___ RECORDED DATA ___

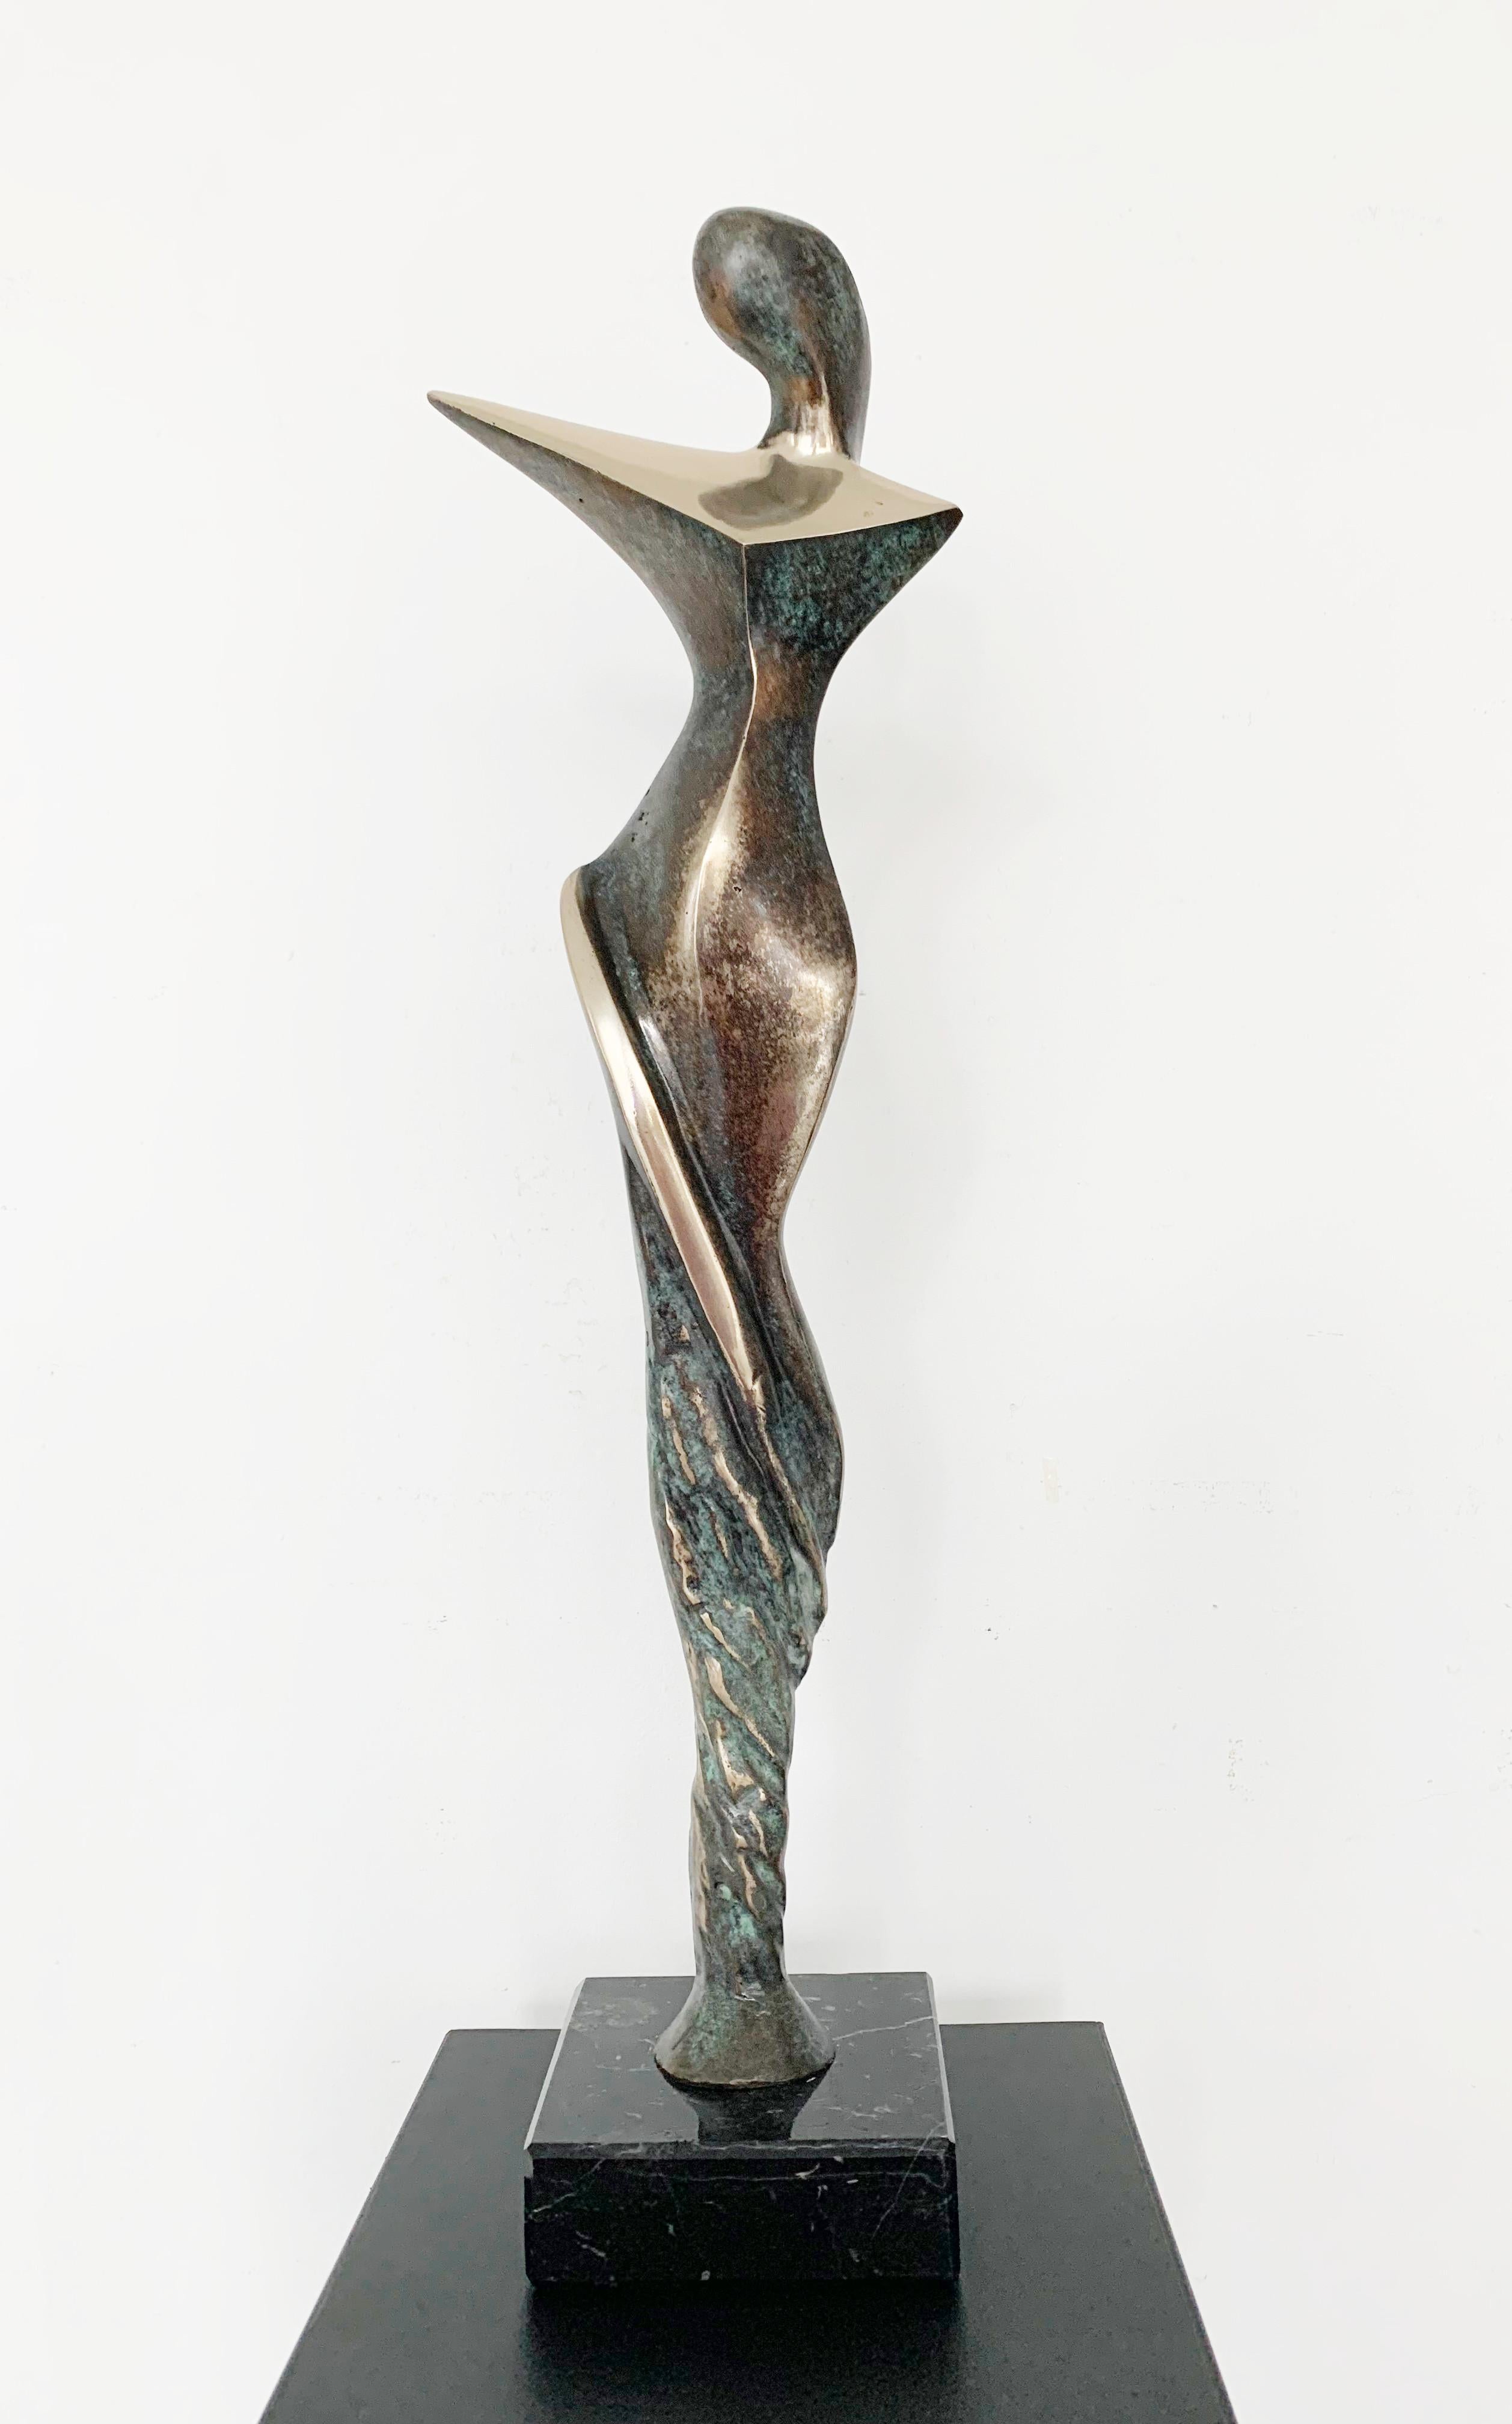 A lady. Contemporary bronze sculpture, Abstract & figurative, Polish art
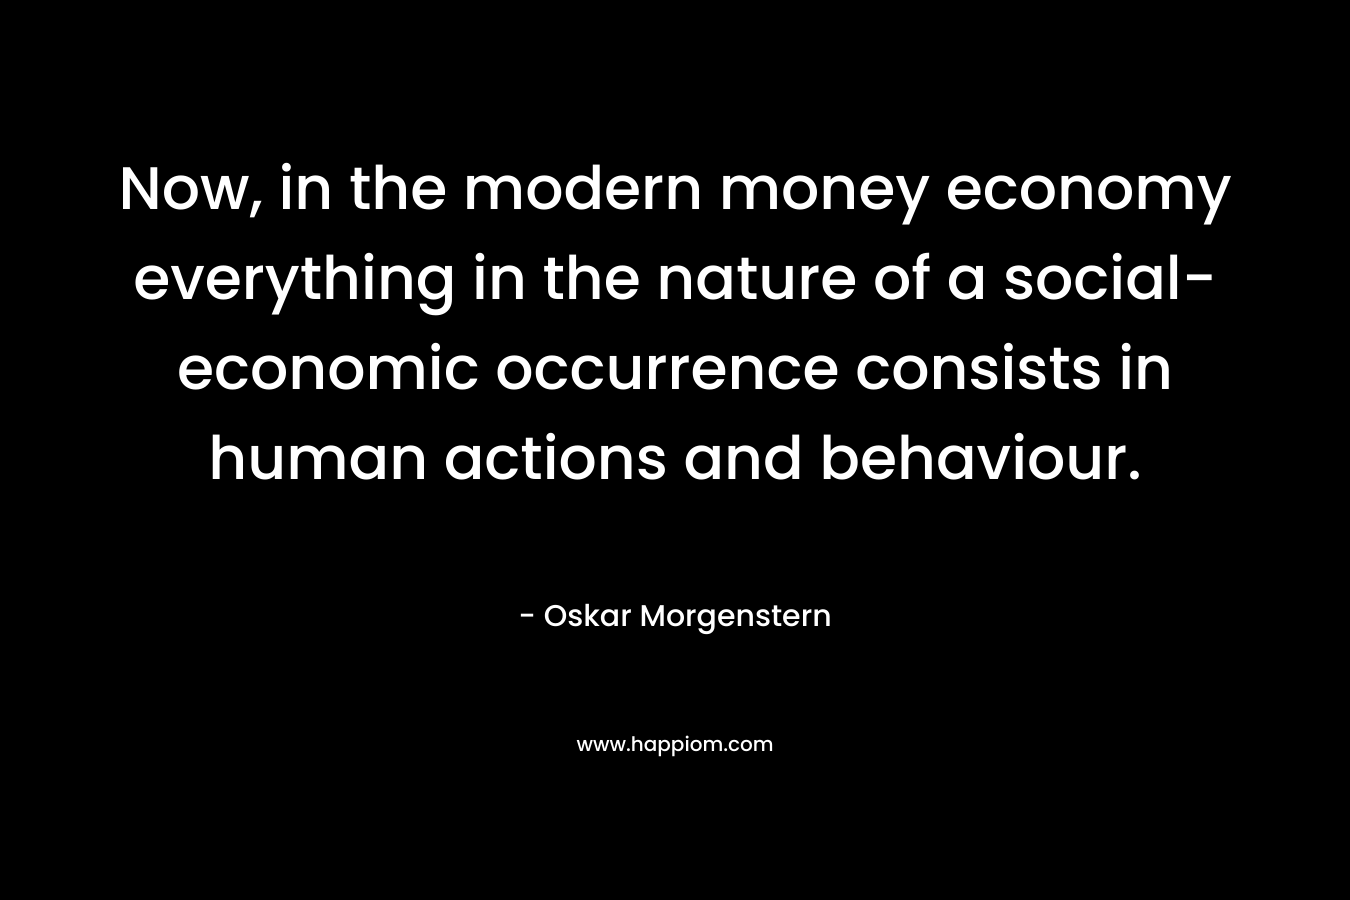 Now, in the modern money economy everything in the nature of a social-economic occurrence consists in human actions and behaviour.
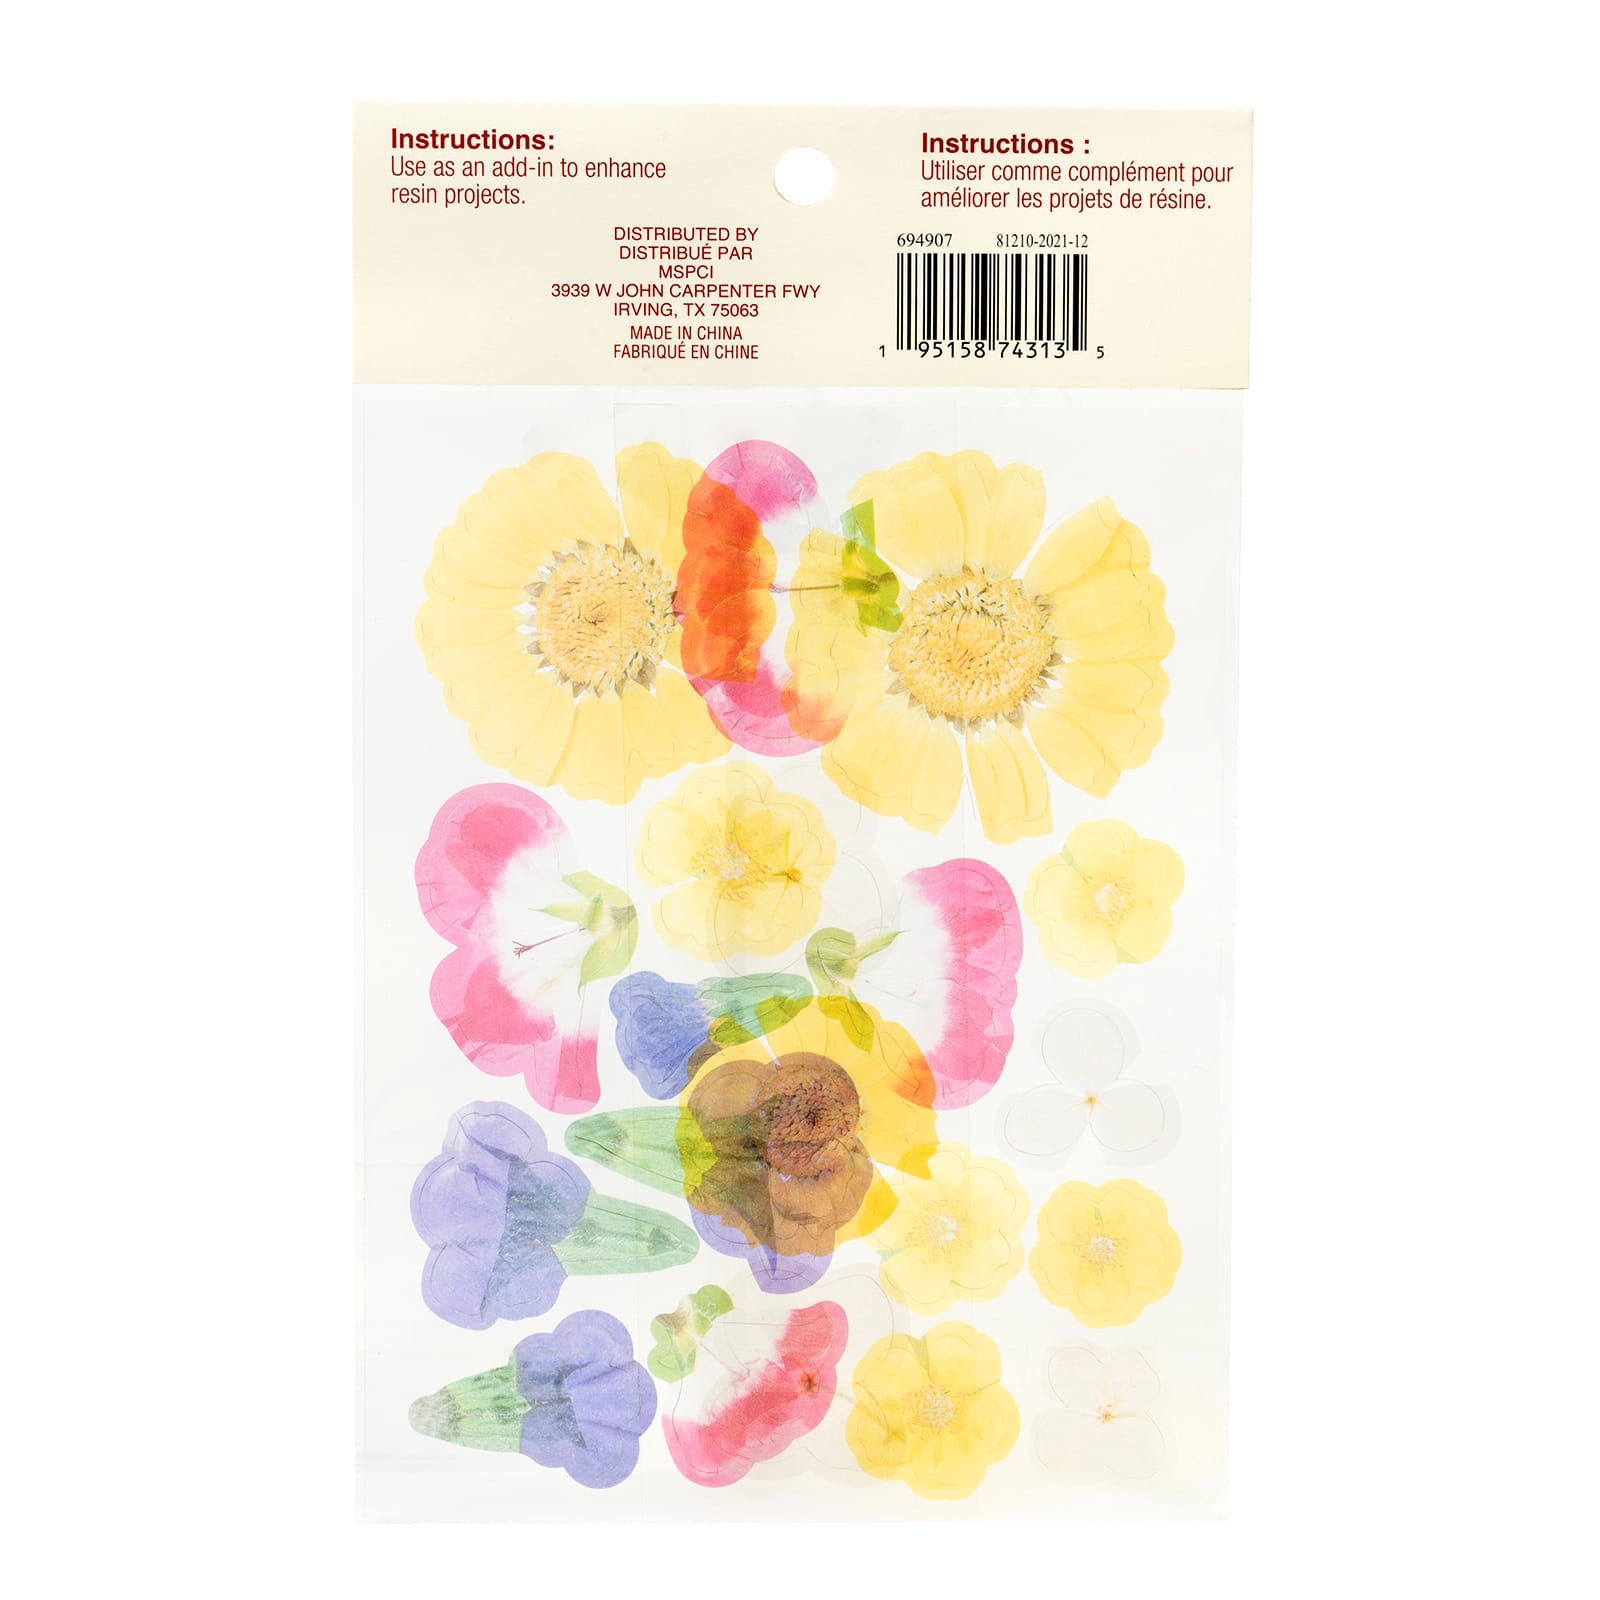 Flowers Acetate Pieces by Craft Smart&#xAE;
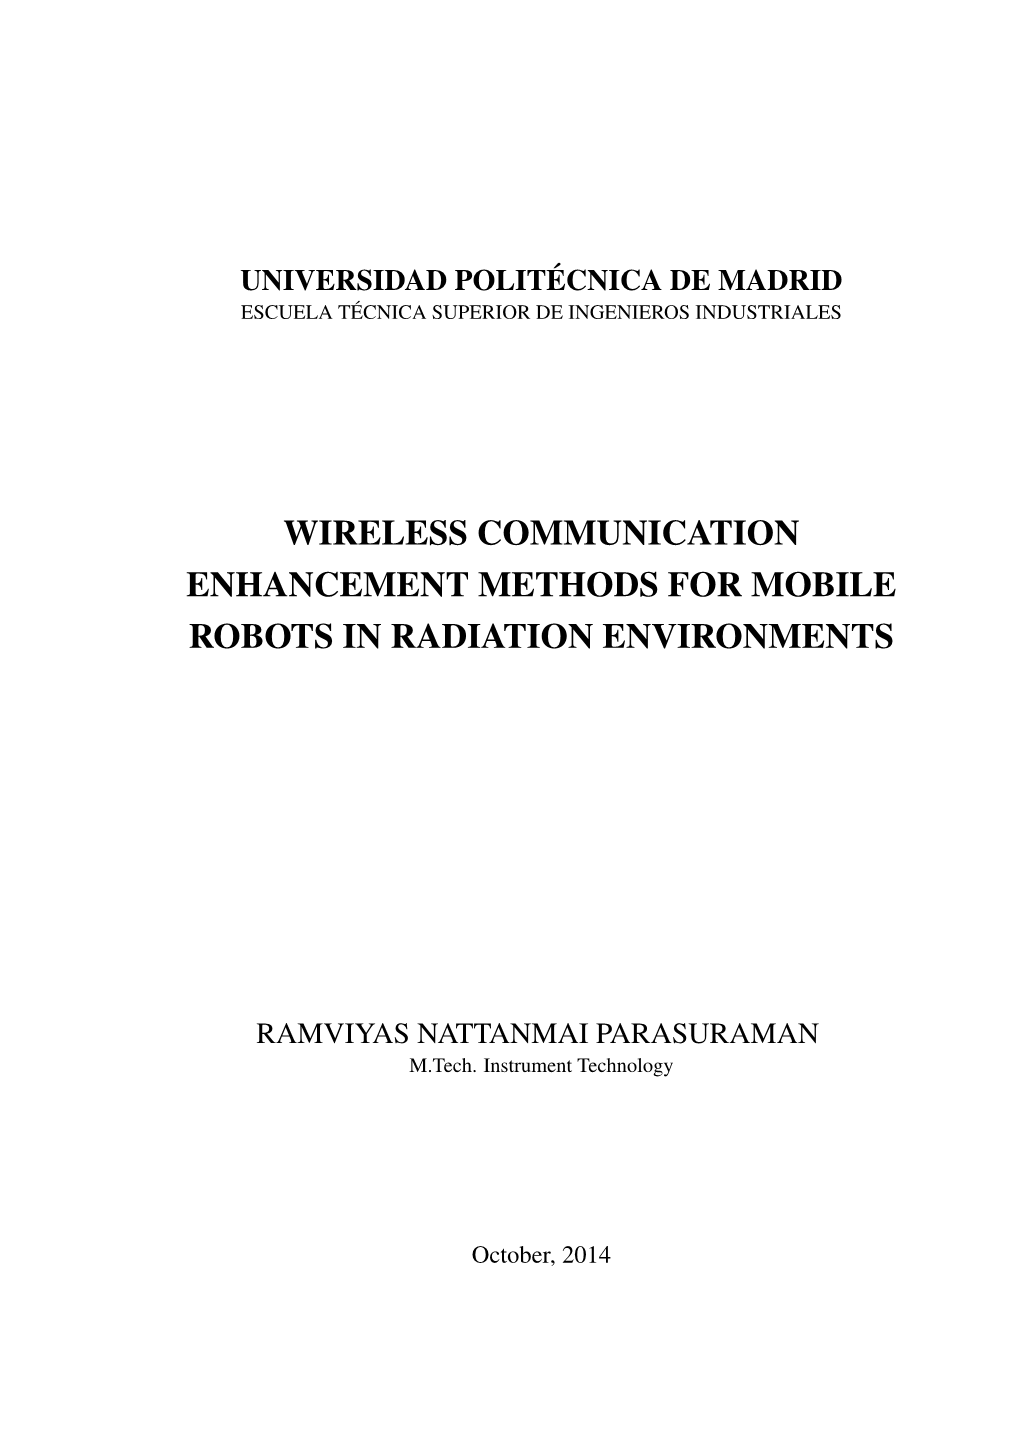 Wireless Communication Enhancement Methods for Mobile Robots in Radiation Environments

___

YOUR TASK >> Copy out all of the data word for word. Do not carry over any picture.

ANSWER BOX >>
 A lady. Contemporary bronze sculpture, Abstract & figurative, Polish art
 Now, in the modern money economy everything in the nature of a social-economic occurrence consists in human actions and behaviour.
 Flowers Acetate Pieces by Craft Smart&#xAE;
 Wireless Communication Enhancement Methods for Mobile Robots in Radiation Environments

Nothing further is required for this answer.